То же самое, очевидно, и с Жозефининым пением: мы восхищаемся в нем тем, чем пренебрегаем у себя, и в этом Жозефина полностью с нами согласна. Кто-то в моем присутствии со всей возможной деликатностью и как о чем-то общеизвестном заговорил с ней про то, как популярен писк в народе. Но для Жозефины и этого достаточно. Надо было видеть, какую наша дива скорчила надменную и презрительную гримасу! С виду она воплощенная нежность, но тут представилась мне чуть ли не вульгарной; правда, она сразу же спохватилась и постаралась с присущим ей тактом исправить свой промах. Но это лишь показывает, как далека Жозефина от мысли, что есть какая-то связь между ее пением и писком. Тех, кто держится другого мнения, она презирает и, пожалуй, ненавидит втайне. Но тут в ней говорит не обычное тщеславие — ведь и оппозиция, к которой отчасти принадлежу и я, тоже ею восхищается; но Жозефина требует, чтобы ею не просто восхищались — обычного восхищения ей мало, извольте перед ней преклоняться! И когда вы сидите в публике и смотрите на нее, вам это понятно: быть в оппозиции можно только на расстоянии от нашей дивы; сидя же в публике, вы готовы признать, что ее писк и не писк вовсе.

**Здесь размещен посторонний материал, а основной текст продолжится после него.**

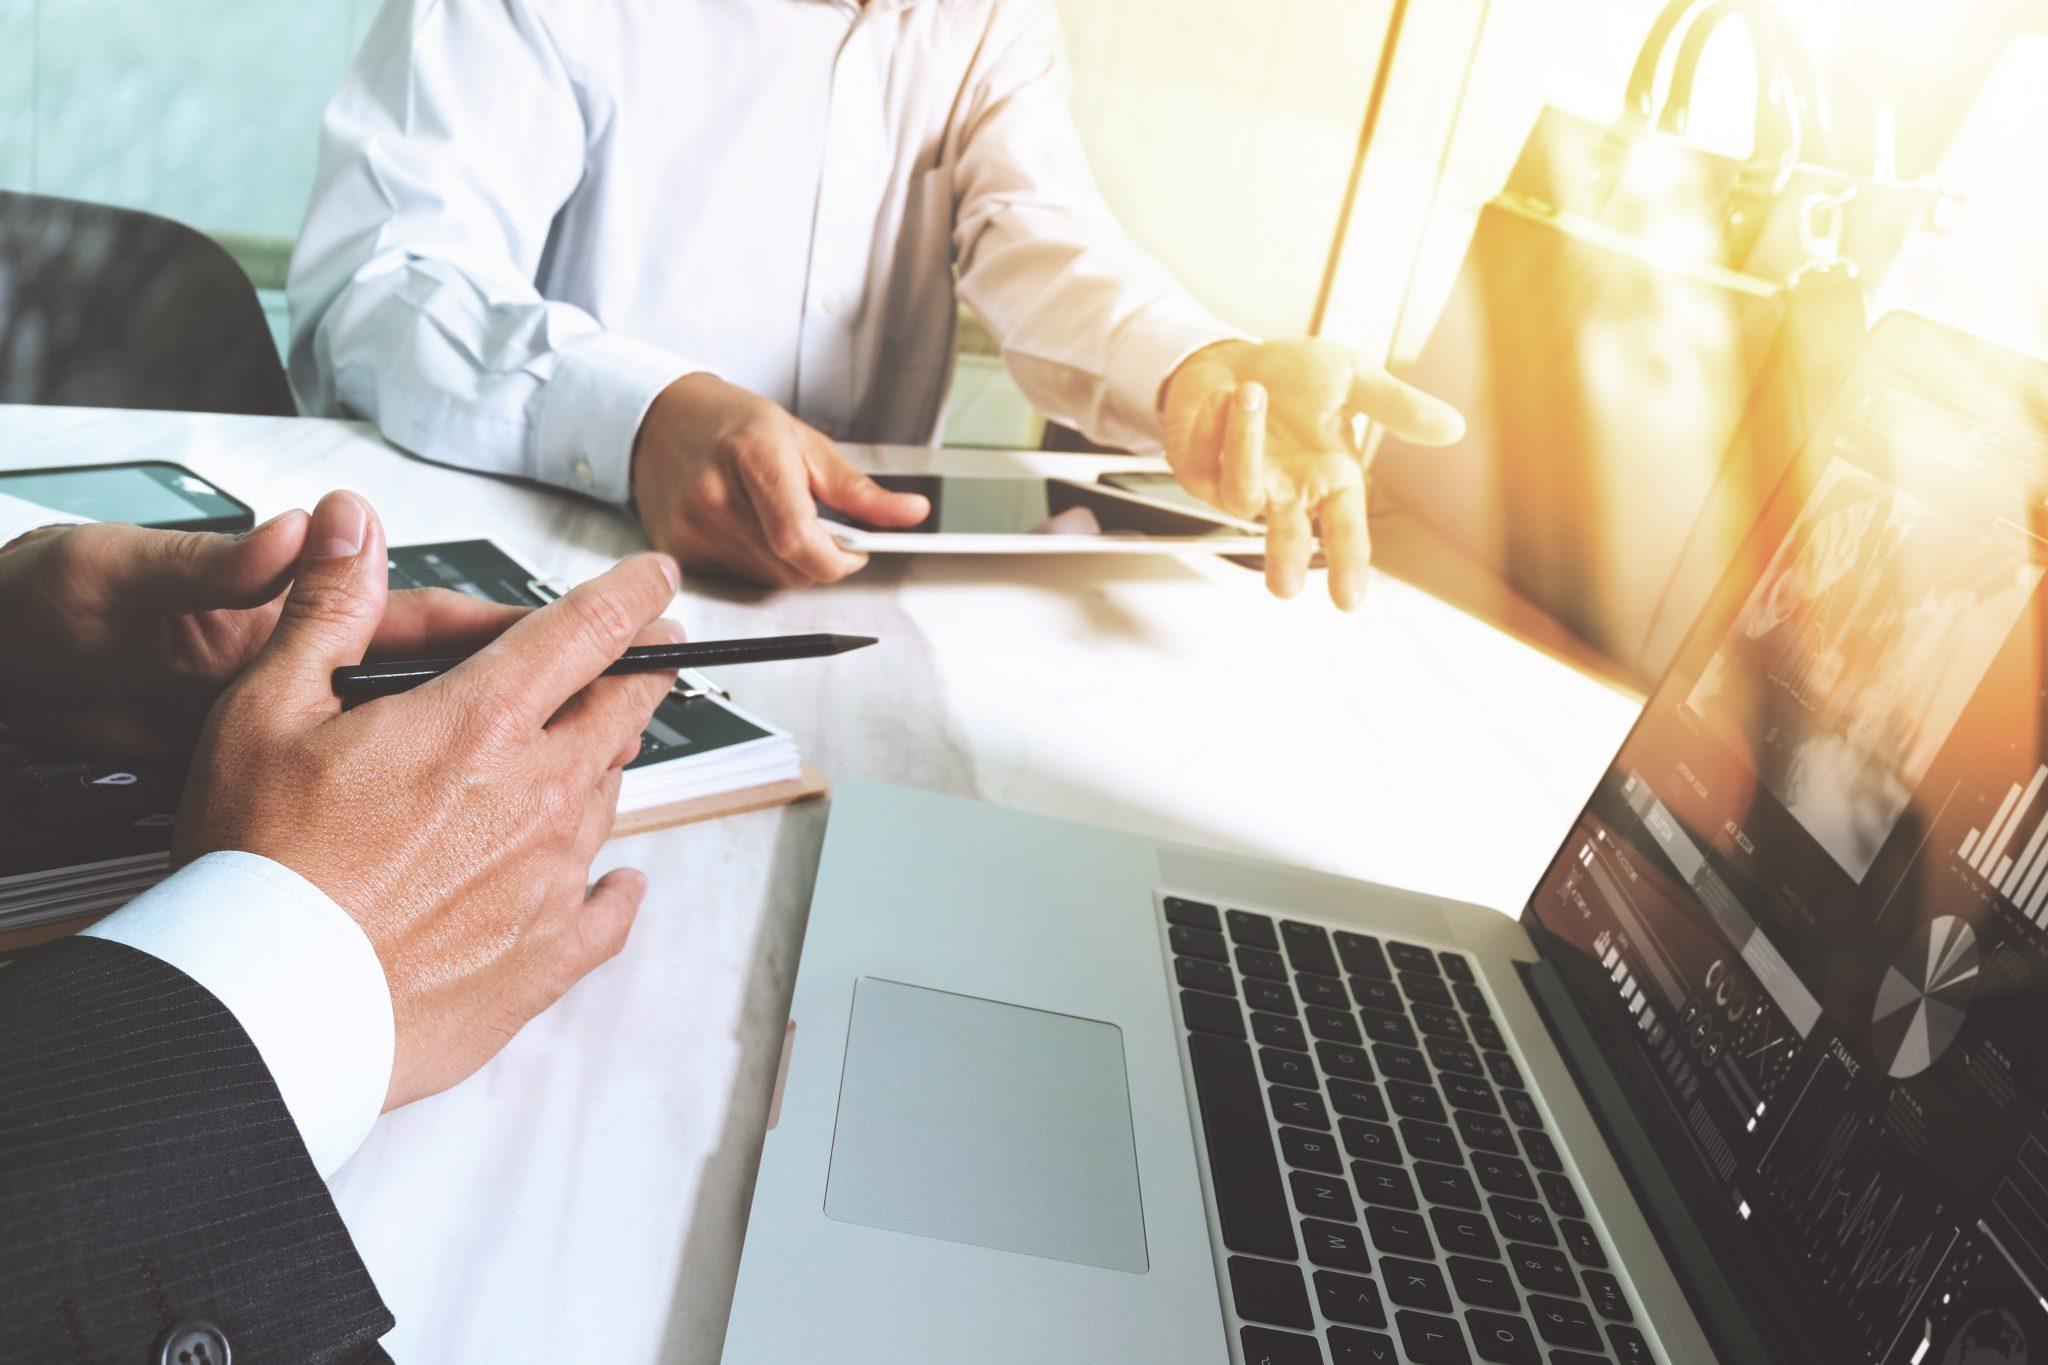 הלוואות לעסקים: העסק זקוק להלוואה גדולה? כדאי שתשקלו פעם נוספת אם הפקיד בבנק הוא הכתובת הנכונה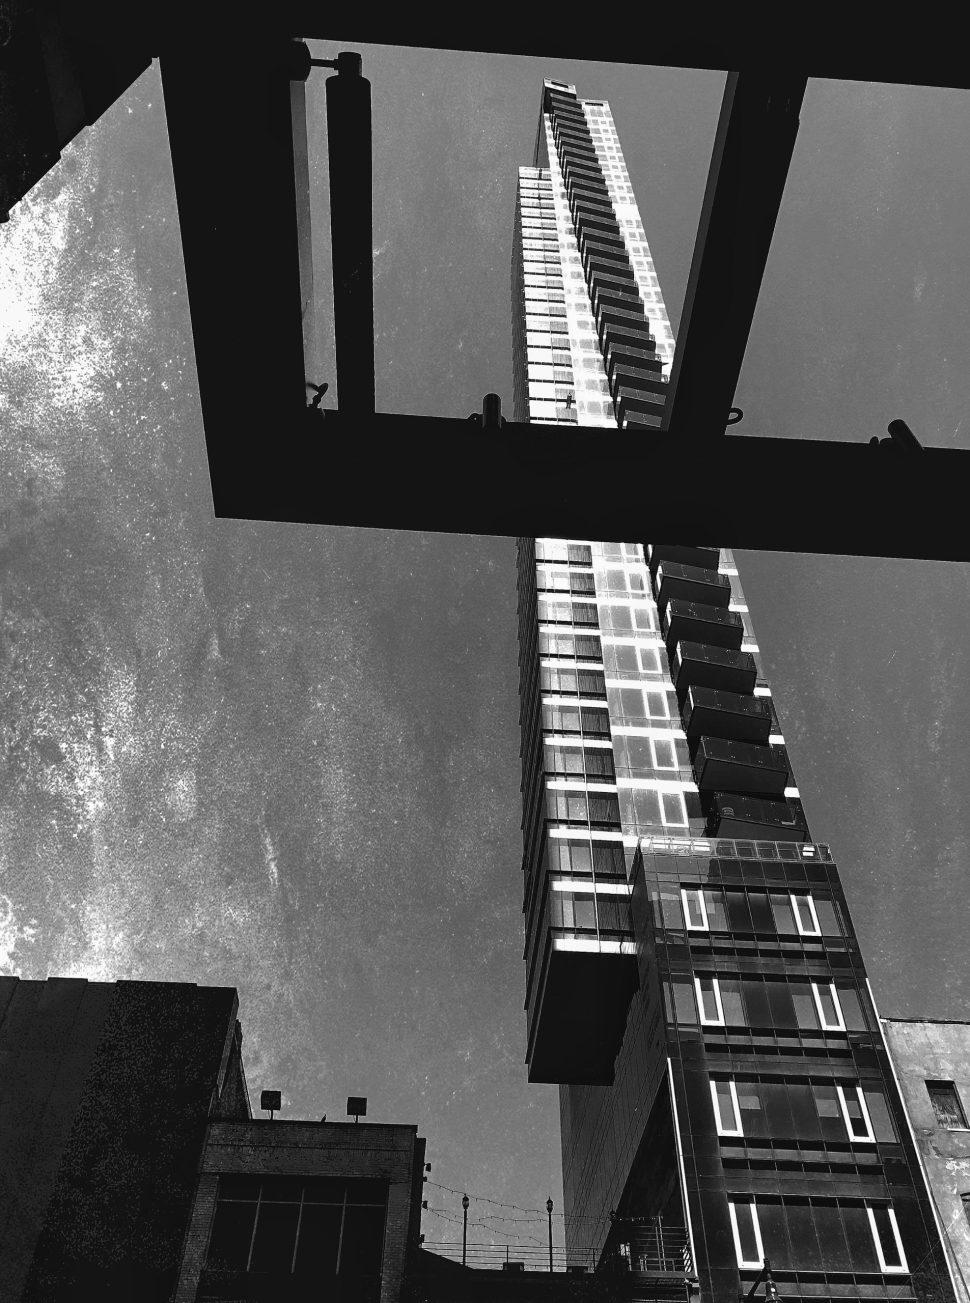 785 8th Avenue. Photo by Rick Stachura. May 19, 2017.

Но уж раз пищать нам не в новинку и мы сами не замечаем, как пищим, естественно было бы думать, что писк стоит и среди Жозефининой аудитории. Ведь ее искусство нас радует, а радуясь, мы пищим. Однако Жозефинины слушатели не пищат, они сидят затаясь, как мышка под метлой; можно подумать, что мы наконец сподобились желанного покоя и боимся спугнуть его собственным свистом. Что же нас больше привлекает на этих концертах — Жозефинино пение или эта торжественная тишина, едва прошитая ее голоском? Как-то случилось, что глупенькая мышка, заслышав Жозефинино пение, присоединила к нему свой голосок. Это был тот же писк, каким нас услаждала Жозефина, но в том, что на сцене, несмотря на рутину, чувствовалась известная сдержанность, тогда как в публике пищали по-детски самозабвенно; в общем же никакой разницы; тем не менее мы затопали и зашикали на эту нарушительницу тишины, хоть бедняжка и без того готова была сквозь землю провалиться. Жозефина же затянула победный гимн: она в экстазе еще шире распростерла руки и еще выше запрокинула бы голову, если бы позволила ее короткая шея.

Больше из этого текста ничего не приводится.